WHAT YOU SHOULD DO :: Since pictures are not part of the copy, please output only the lines from the one with "Good Pre-Owned Condition." through the end of the data below, exactly as written.

====== RECORDS PROVIDED

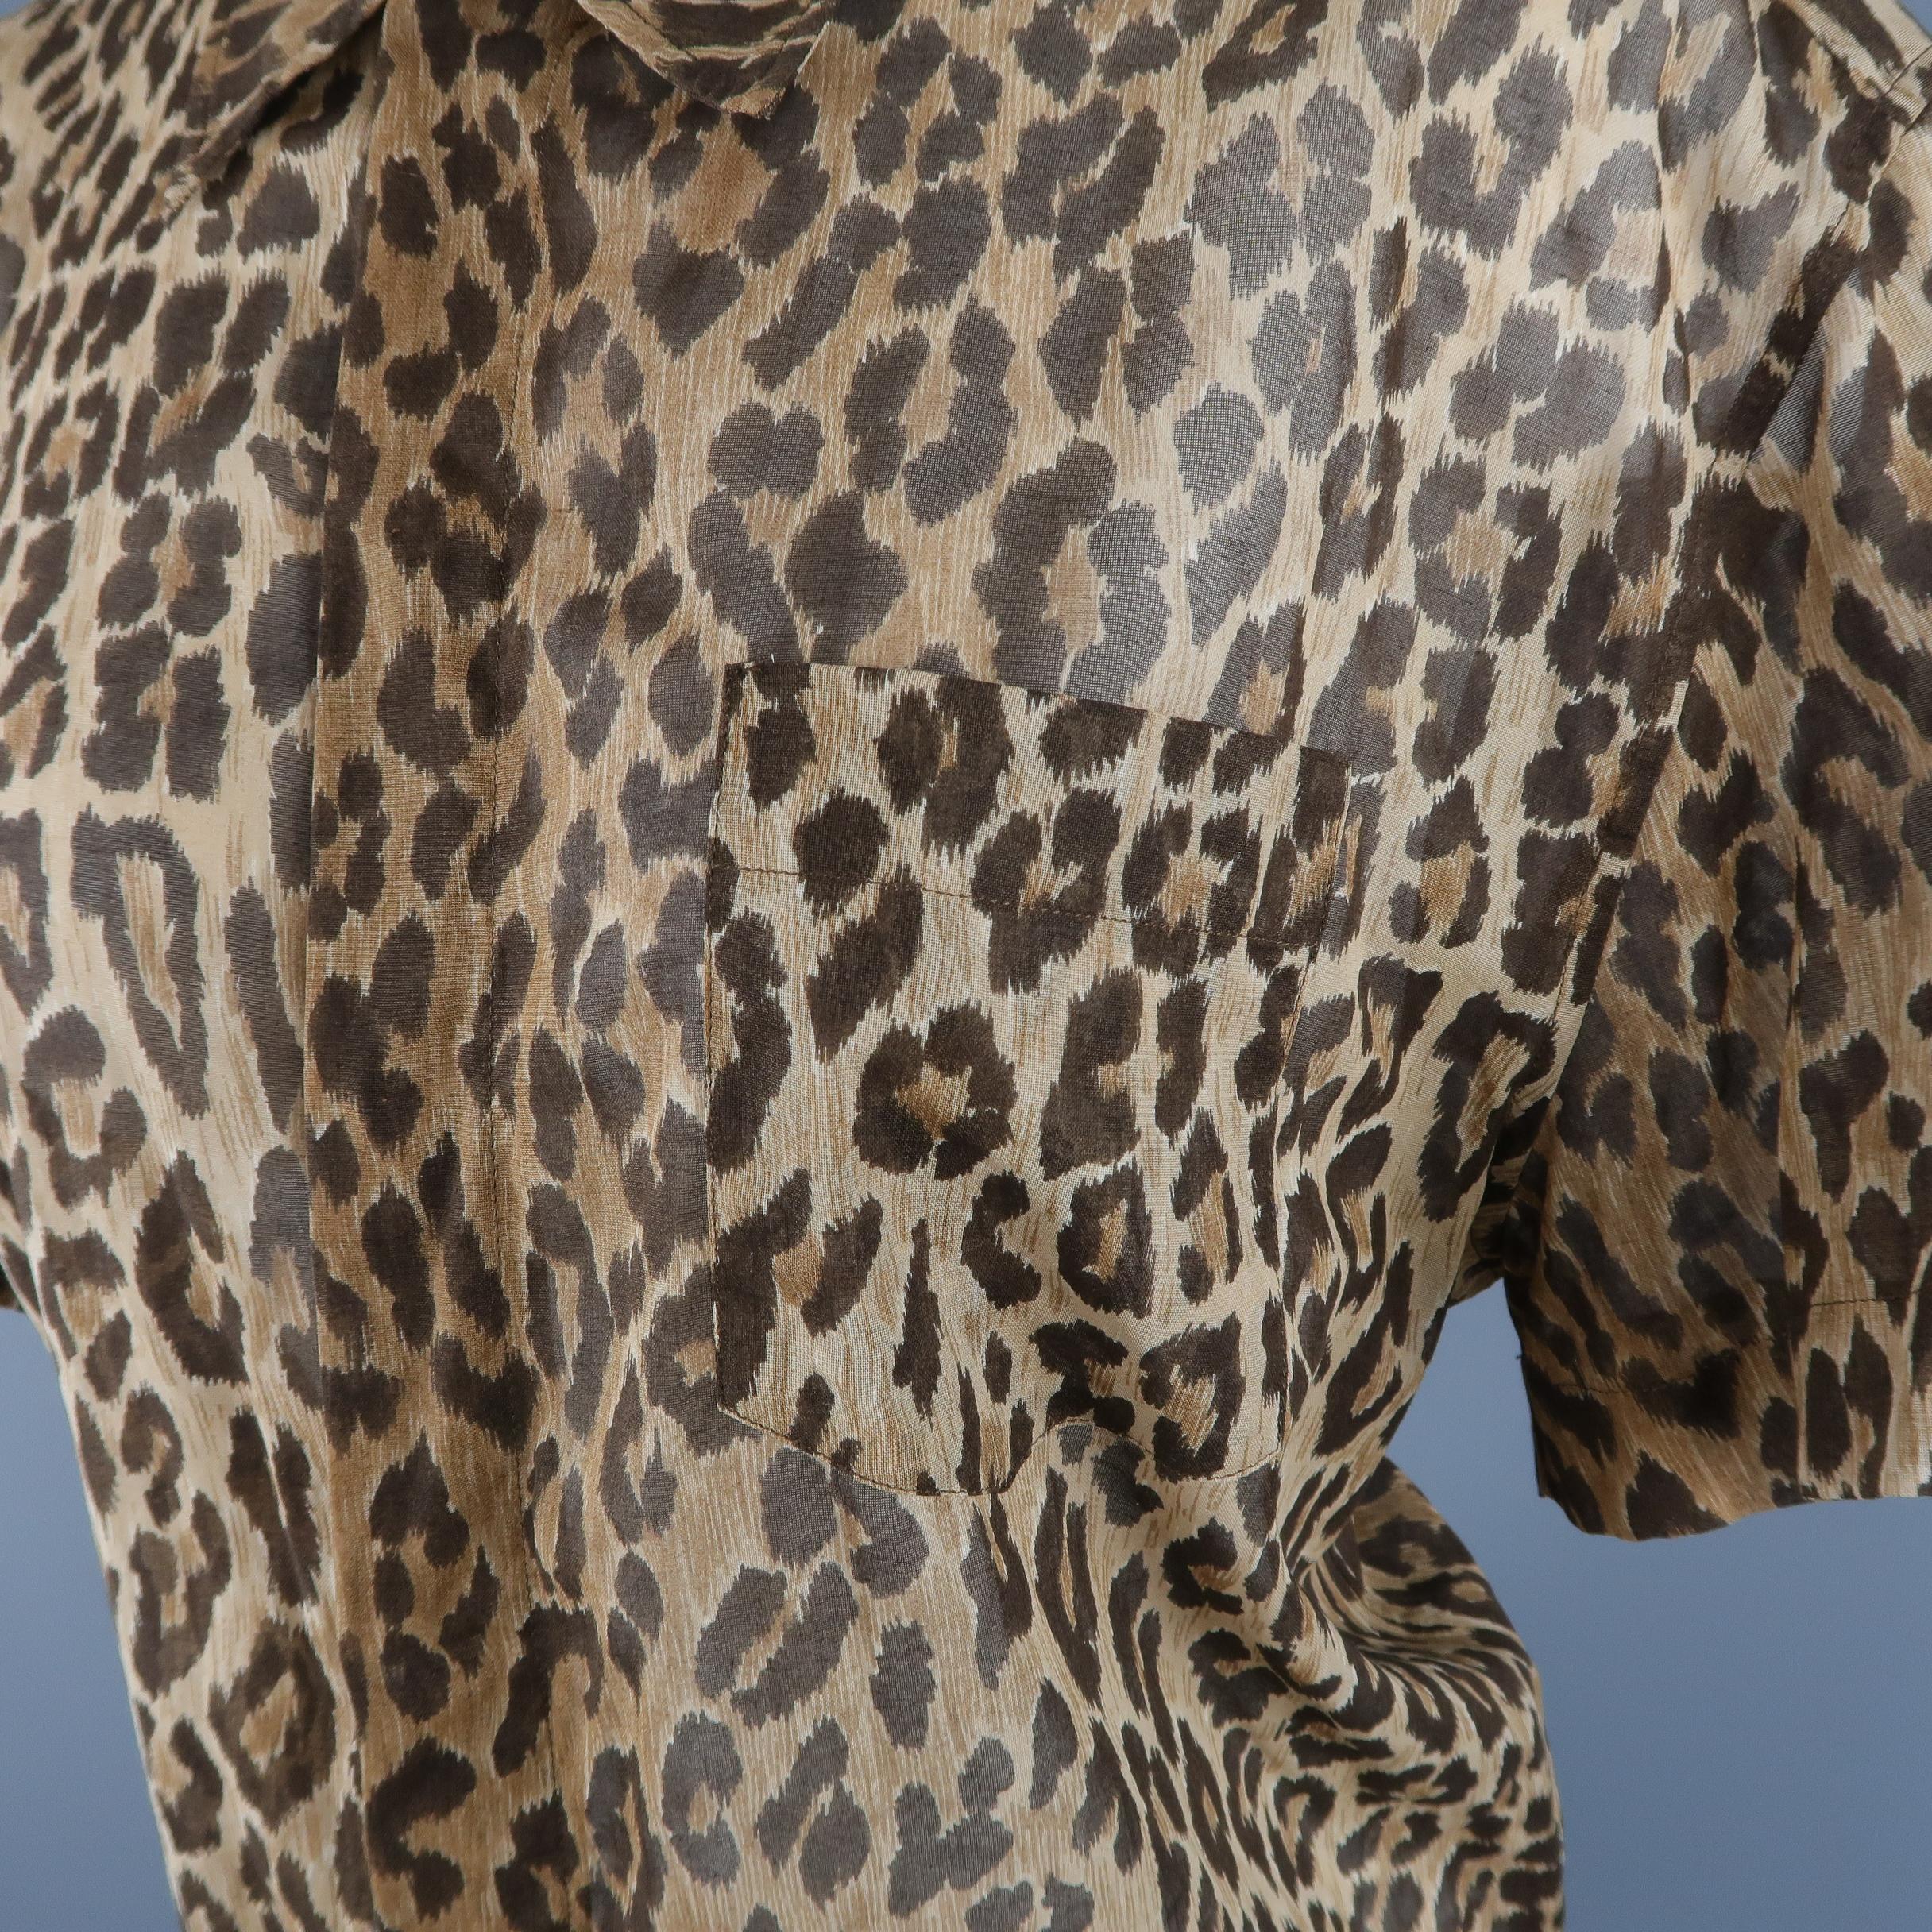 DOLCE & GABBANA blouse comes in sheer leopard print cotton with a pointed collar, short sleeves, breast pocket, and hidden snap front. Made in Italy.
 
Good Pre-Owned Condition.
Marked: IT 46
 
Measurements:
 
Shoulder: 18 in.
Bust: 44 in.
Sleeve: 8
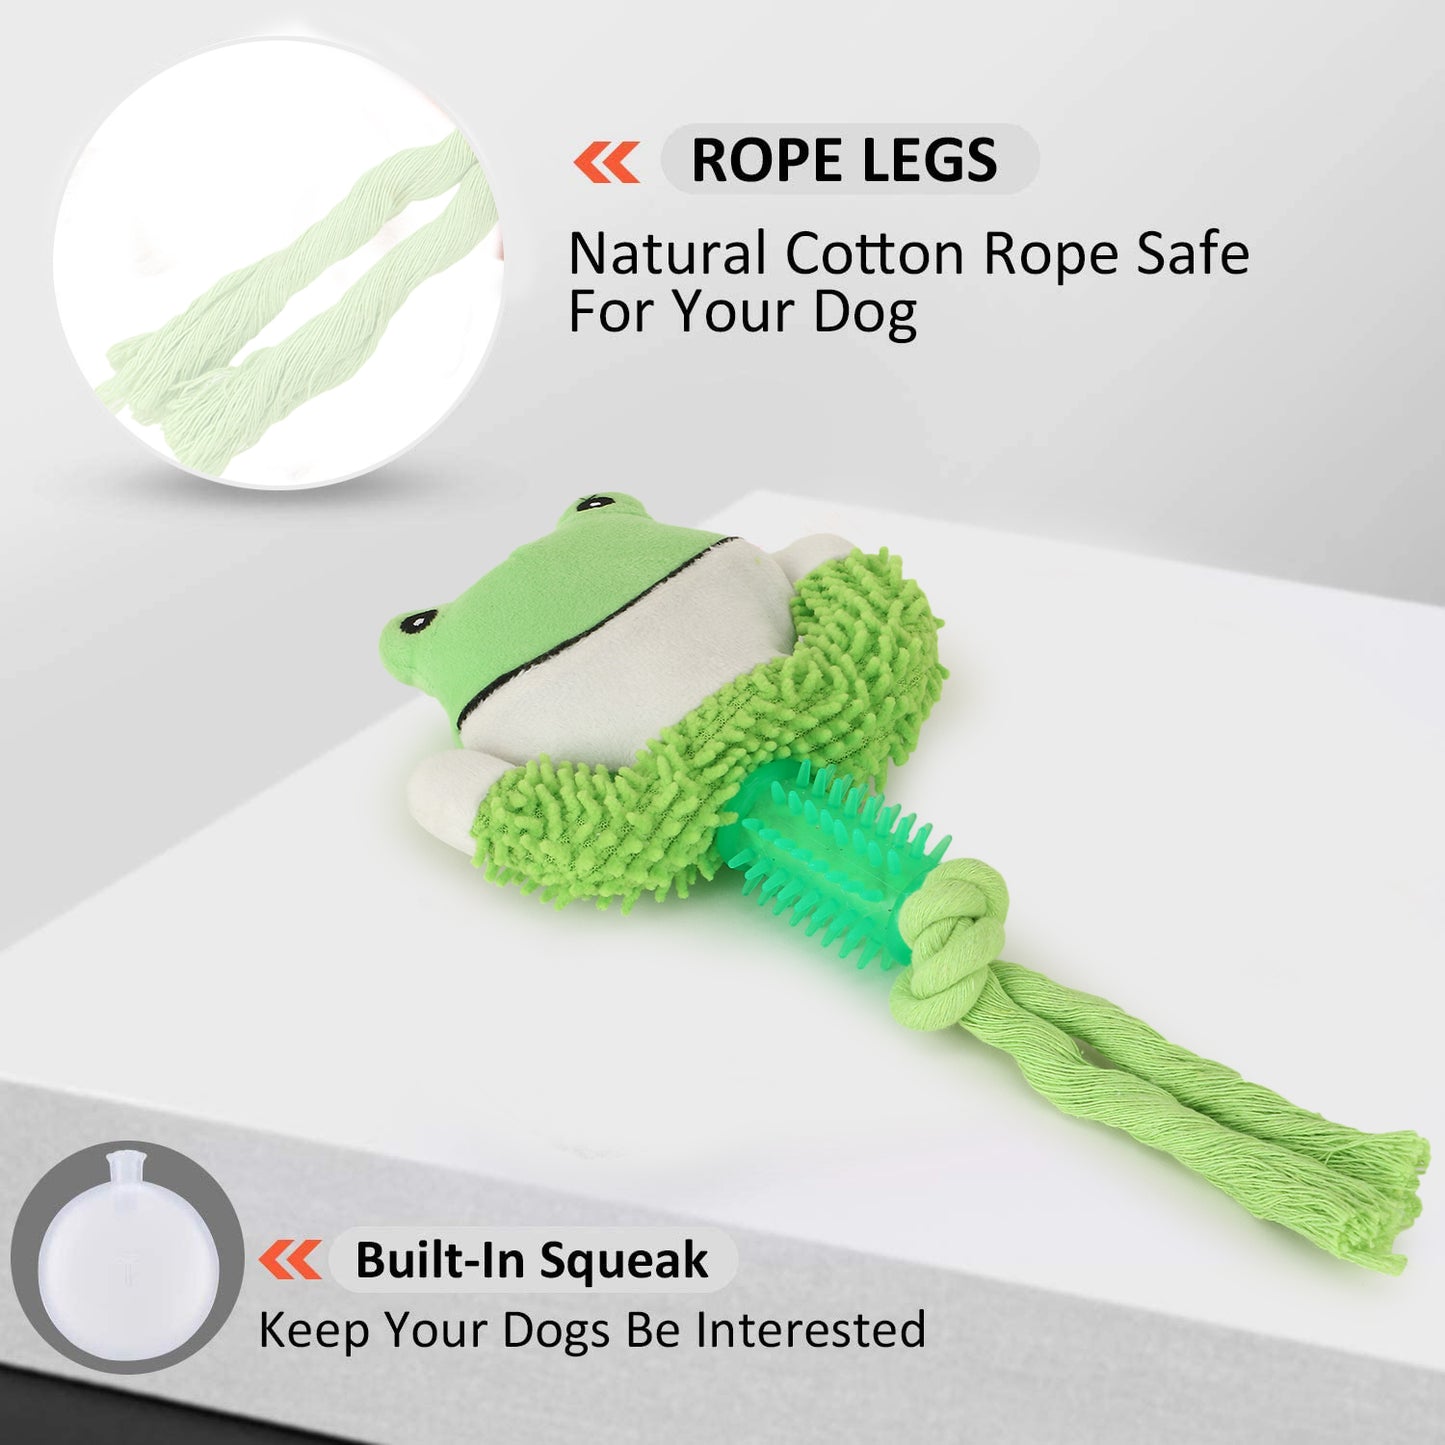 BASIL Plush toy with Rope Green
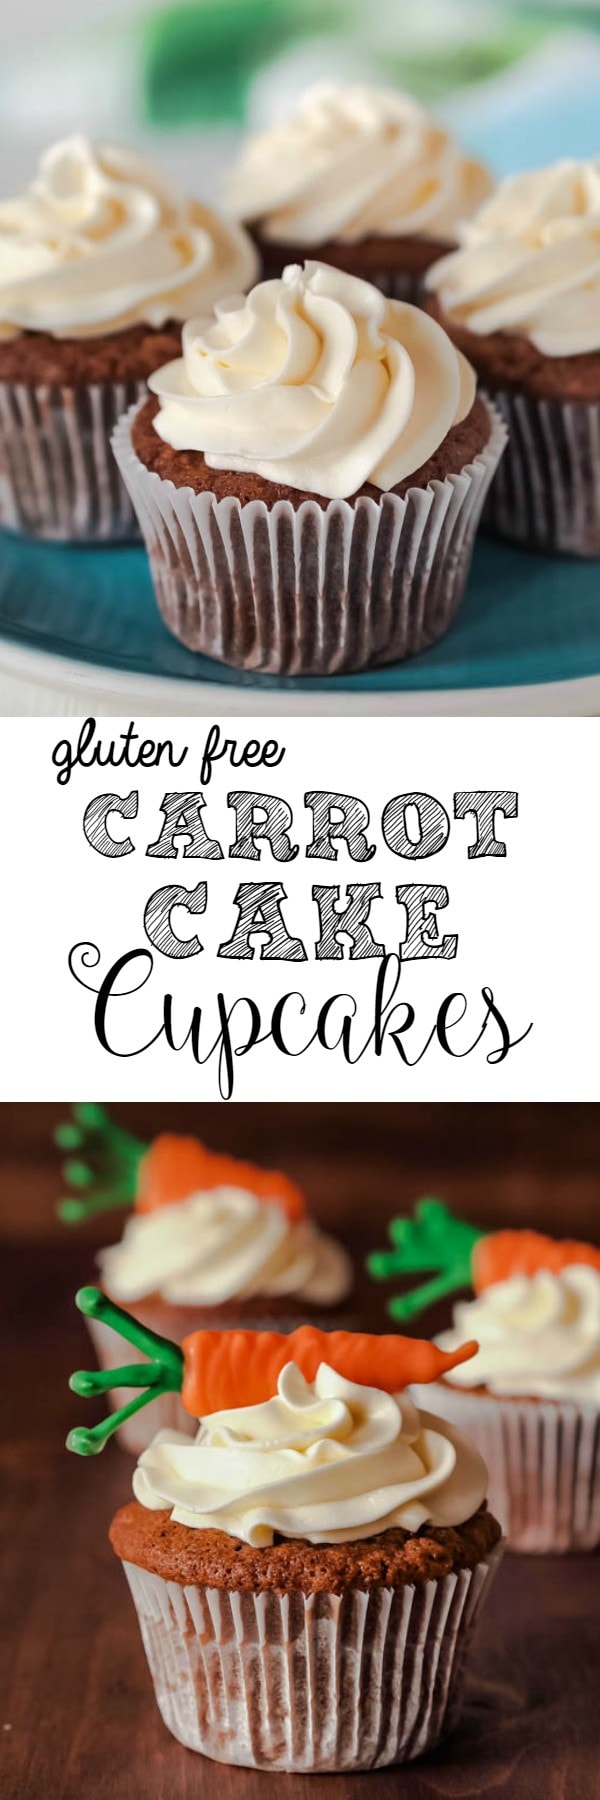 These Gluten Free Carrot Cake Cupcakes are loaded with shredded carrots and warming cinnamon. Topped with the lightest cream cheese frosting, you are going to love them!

============

RESULT OF THE TASK ::
Good Pre-Owned Condition.
Marked: IT 46
 
Measurements:
 
Shoulder: 18 in.
Bust: 44 in.
Sleeve: 8
 BASIL Plush toy with Rope Green
 These Gluten Free Carrot Cake Cupcakes are loaded with shredded carrots and warming cinnamon. Topped with the lightest cream cheese frosting, you are going to love them!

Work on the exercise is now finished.